▶ [PROBLEM REQUIREMENTS] Please, could you print all the lines below exactly, leaving out the pictures?

▶ [DATA SEGMENT]
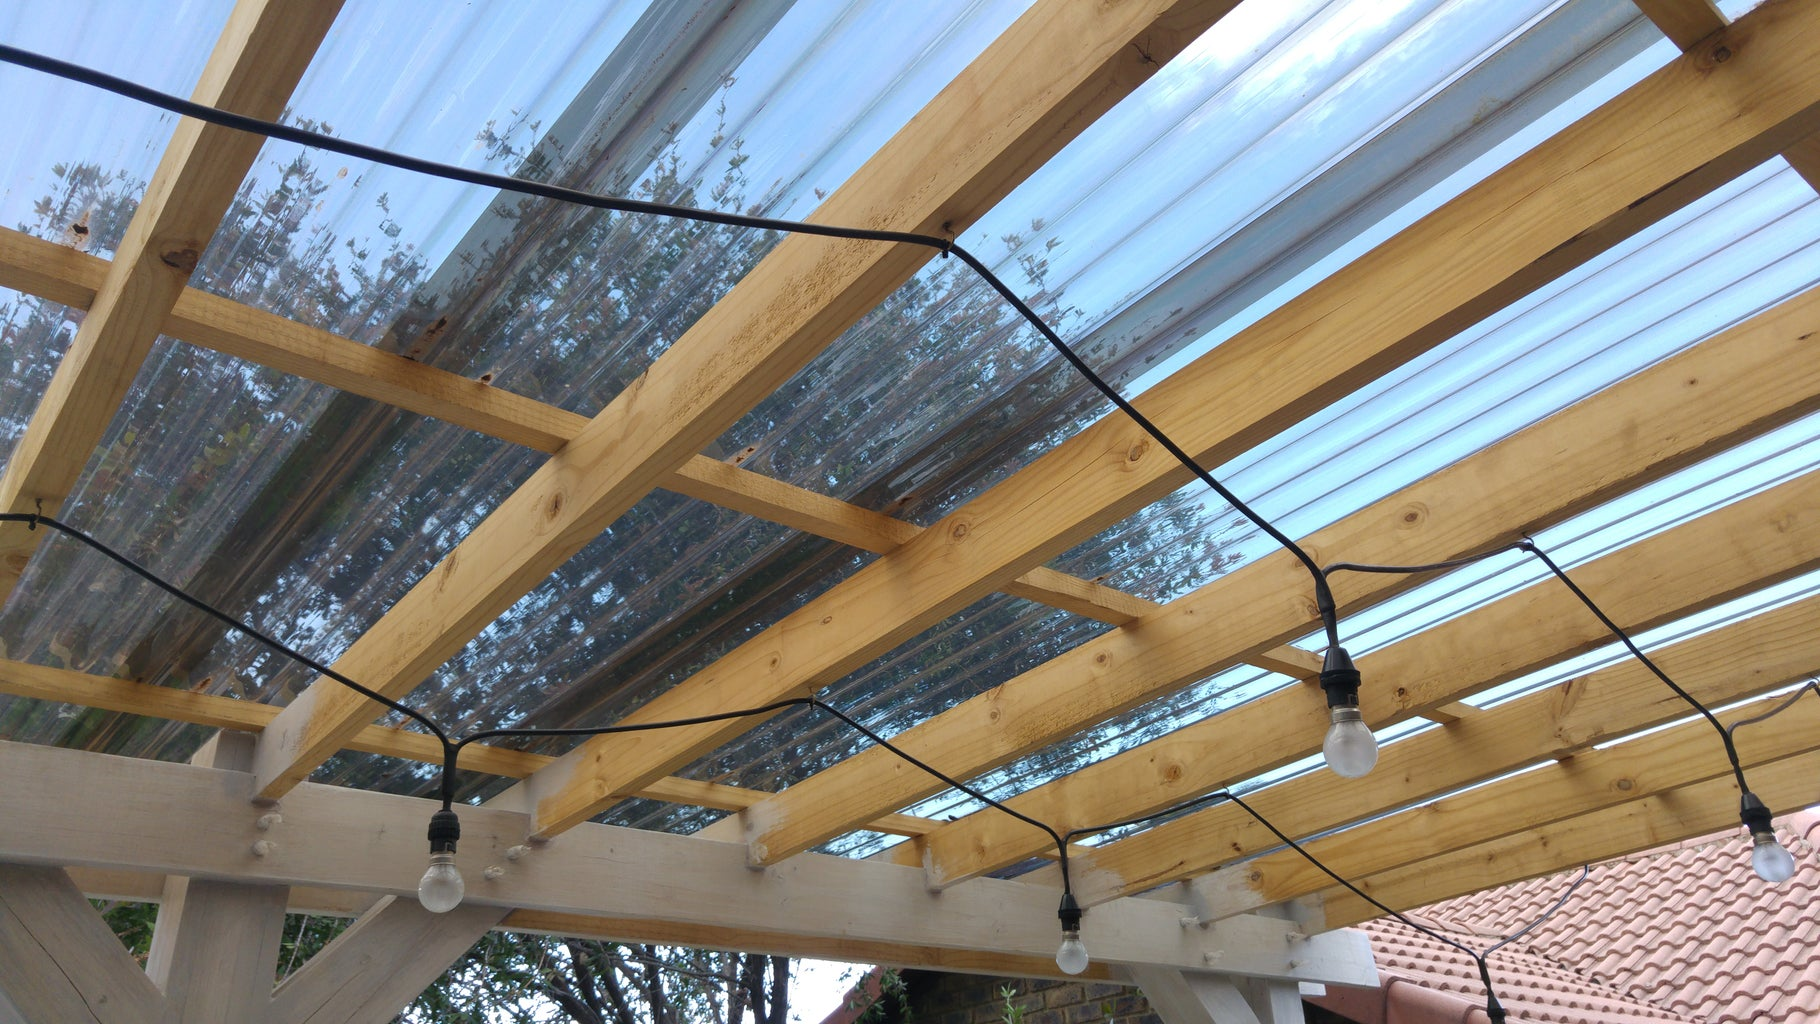 Covered Roof - Modek
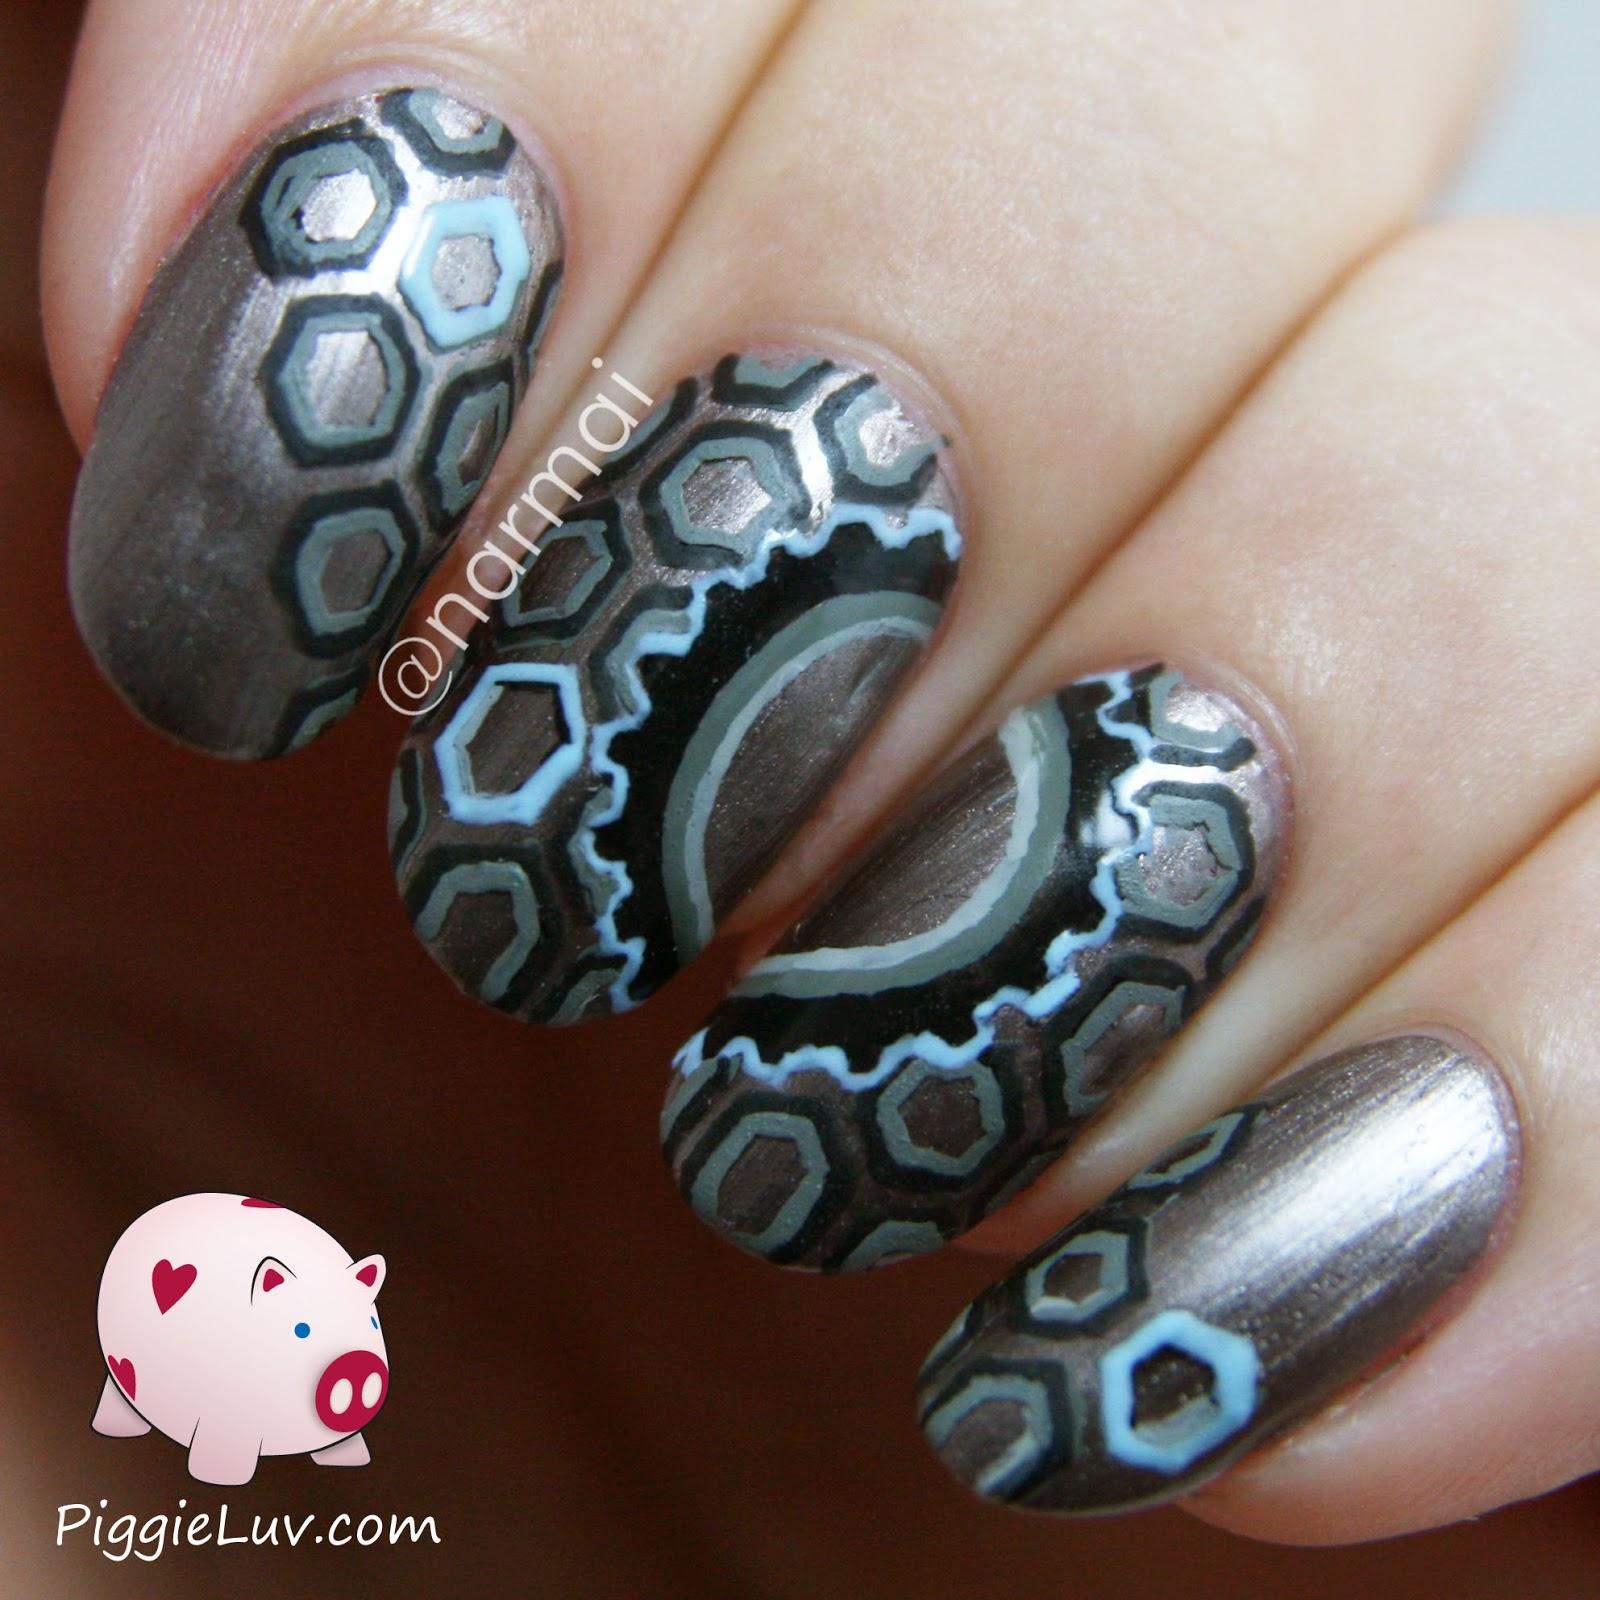 Piggieluv technologic wheels cogs nail art technologic wheels cogs nail art prinsesfo Image collections
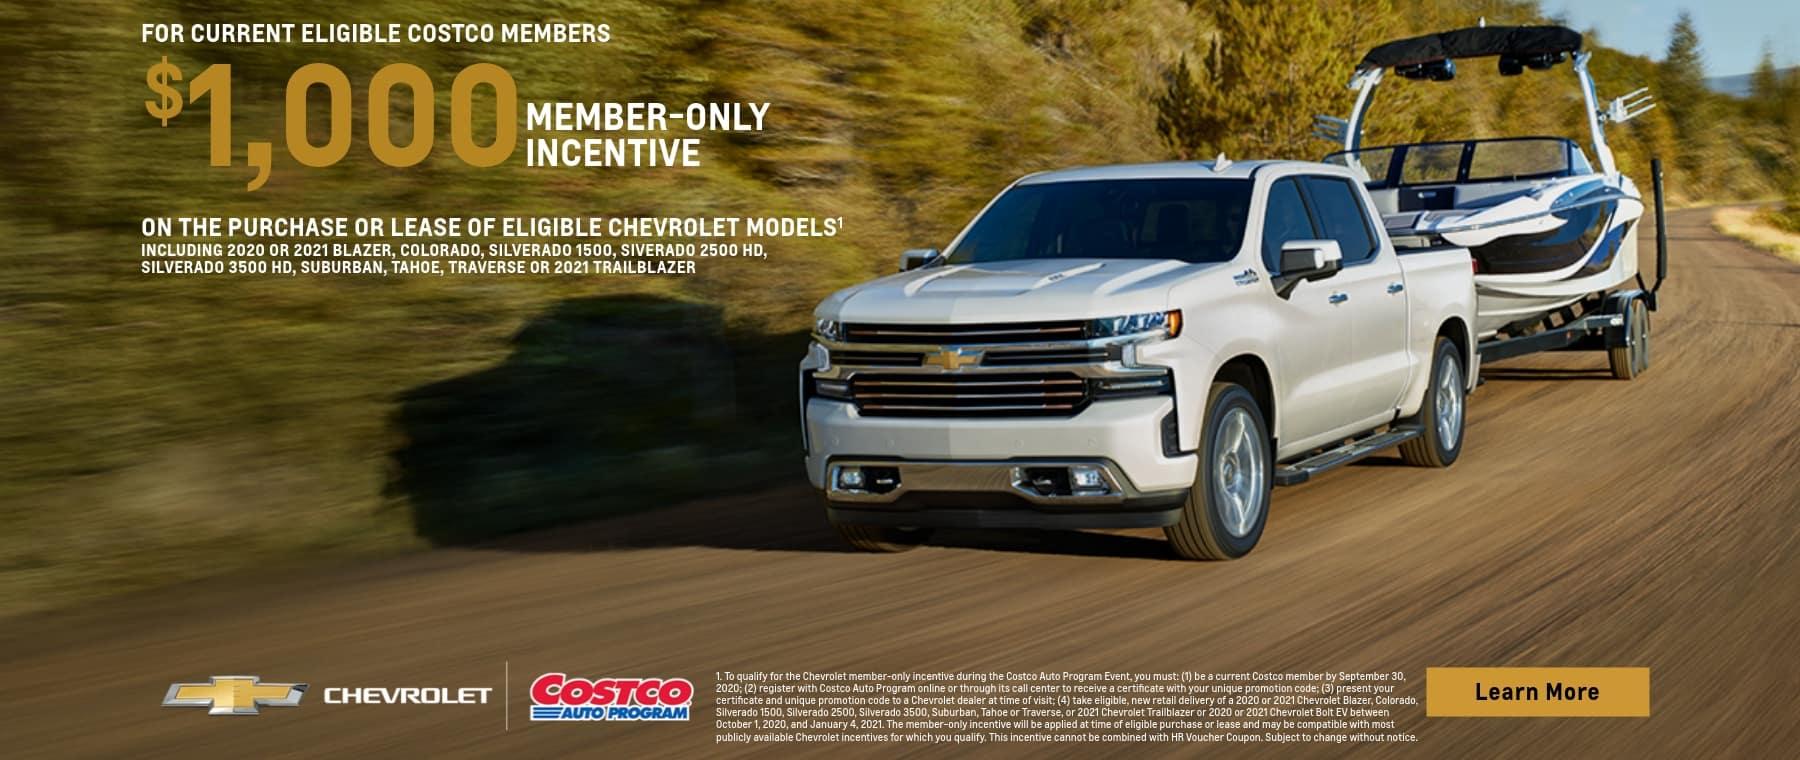 $1,000 Member Only Offer on Select Chevrolet Models

▶ [EXERCISE ANSWER]
 Covered Roof - Modek
 Piggieluv technologic wheels cogs nail art technologic wheels cogs nail art prinsesfo Image collections
 $1,000 Member Only Offer on Select Chevrolet Models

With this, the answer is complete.